This repo demonstrates the capabilities and usage of Streamlit's new AppTest
class, released in Streamlit 1.28.
App testing enables developers to:
- Run your app as a headless script
- Inspect and make assertions about the output content via the DOM in object-attribute style
- Programmatically modify the input values on various widgets, re-run the app, and inspect the output
AppTest
works well with unittest.TestCase
and pytest or similar tools. The testing framework ships with
core Streamlit (and in fact is used heavily in Streamlit's internal unit testing) -
the functionality shown here can be installed from the provided whl.
The example is built on the existing sophisticated_palette app originally built by @syasini and hosted on Streamlit Community Cloud: https://sophisticated-palette.streamlit.app/
A simple example that demonstrates the anatomy of a unit test and the key features of the unit testing framework
import unittest
from streamlit.testing.v1 import AppTest
class TestSuite(unittest.TestCase):
def test_sidebar(self):
"""Simple test of the sidebar controlling the palettes rendered"""

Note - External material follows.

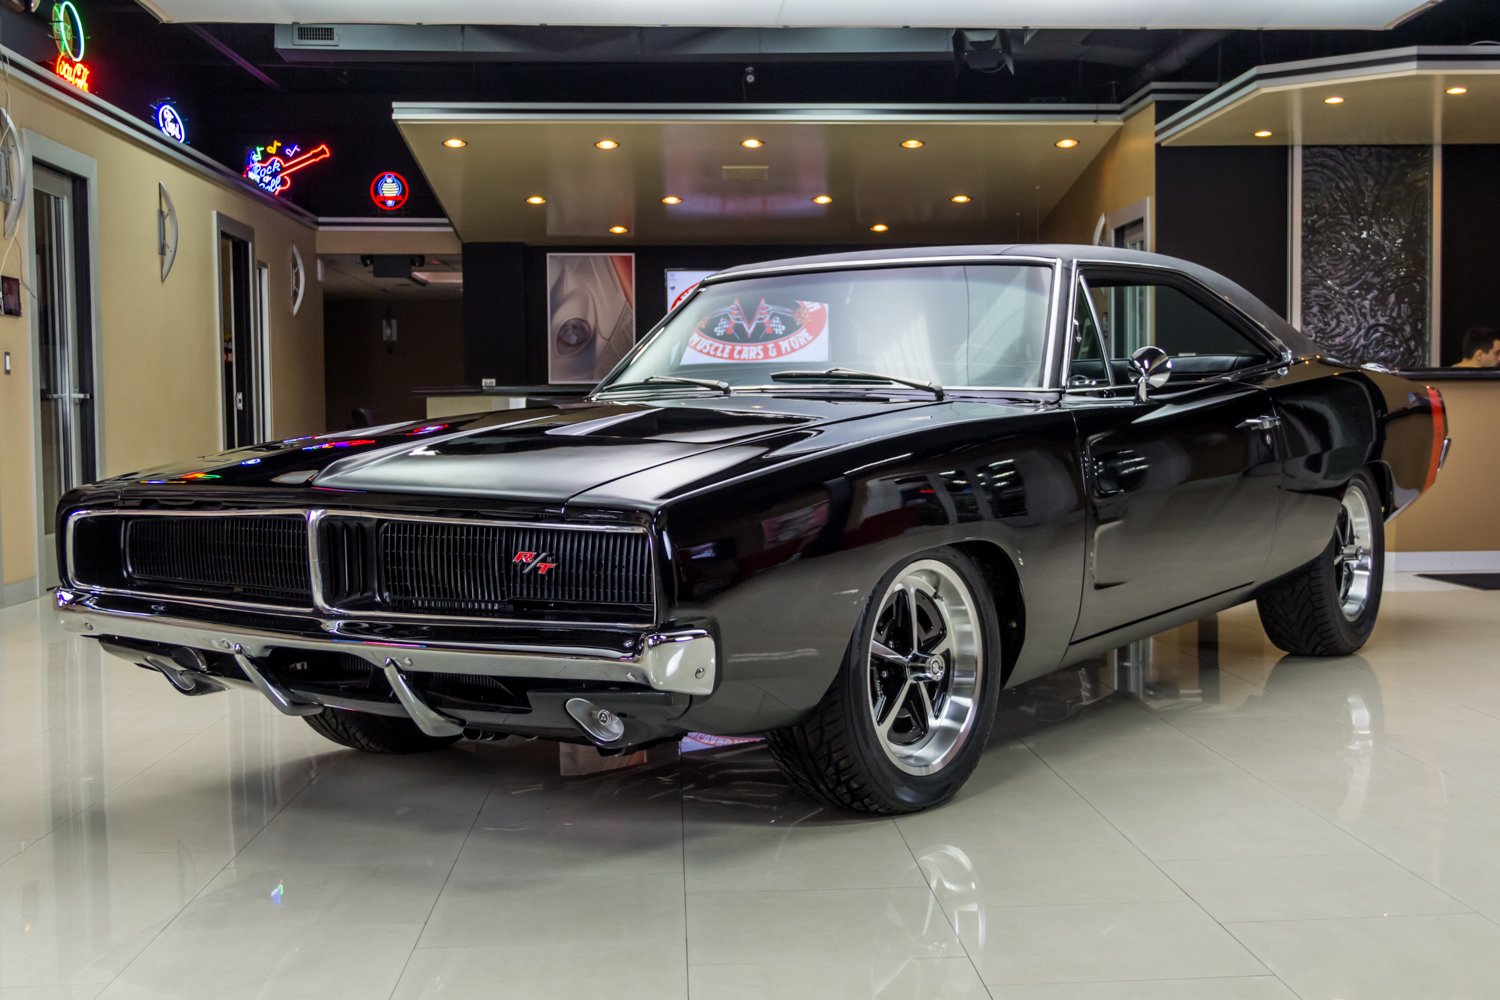 1969 Dodge Charger | Classic Cars for Sale Michigan: Muscle & Old Cars

# Load and run the script from a file path
at = AppTest.from_file("app.py").run()
# No exceptions were rendered in the app output
assert not at.exception
# Five color pickers are rendered on the first run
assert len(at.color_picker) == 5
# You can also query a widget by key to modify it or check the value
assert at.number_input(key="sample_size").value == 500
# Set the value of the first number input in the sidebar
# (palette size) to 2, and re-run the app
at.sidebar.number_input[0].set_value(2).run()
# Two color pickers are rendered in the second run
assert len(at.color_picker) == 2
Read the full documentation here.
See test_app.py
for the tests and some further explanation.
You can get started very quickly by launching this repo in GitHub Codespaces. The app and Codespaces walkthrough should load automatically after a few seconds.
I recommend installing to a venv and then running the test suite with pytest.
git clone https://github.com/AnOctopus/st-testing-demo.git
cd st-testing-demo
python -m venv .venv
source .venv/bin/activate
pip install -r requirements.txt
pytest
The testing framework just uses pytest, so any CI tools that work with python should just work. You can see a Github Action workflow in this repo that runs the tests using GitHub's python starter workflow with zero modifications, and it works great.
You can view the Github Actions configuration for this repository, and recent CI runs including the test execution.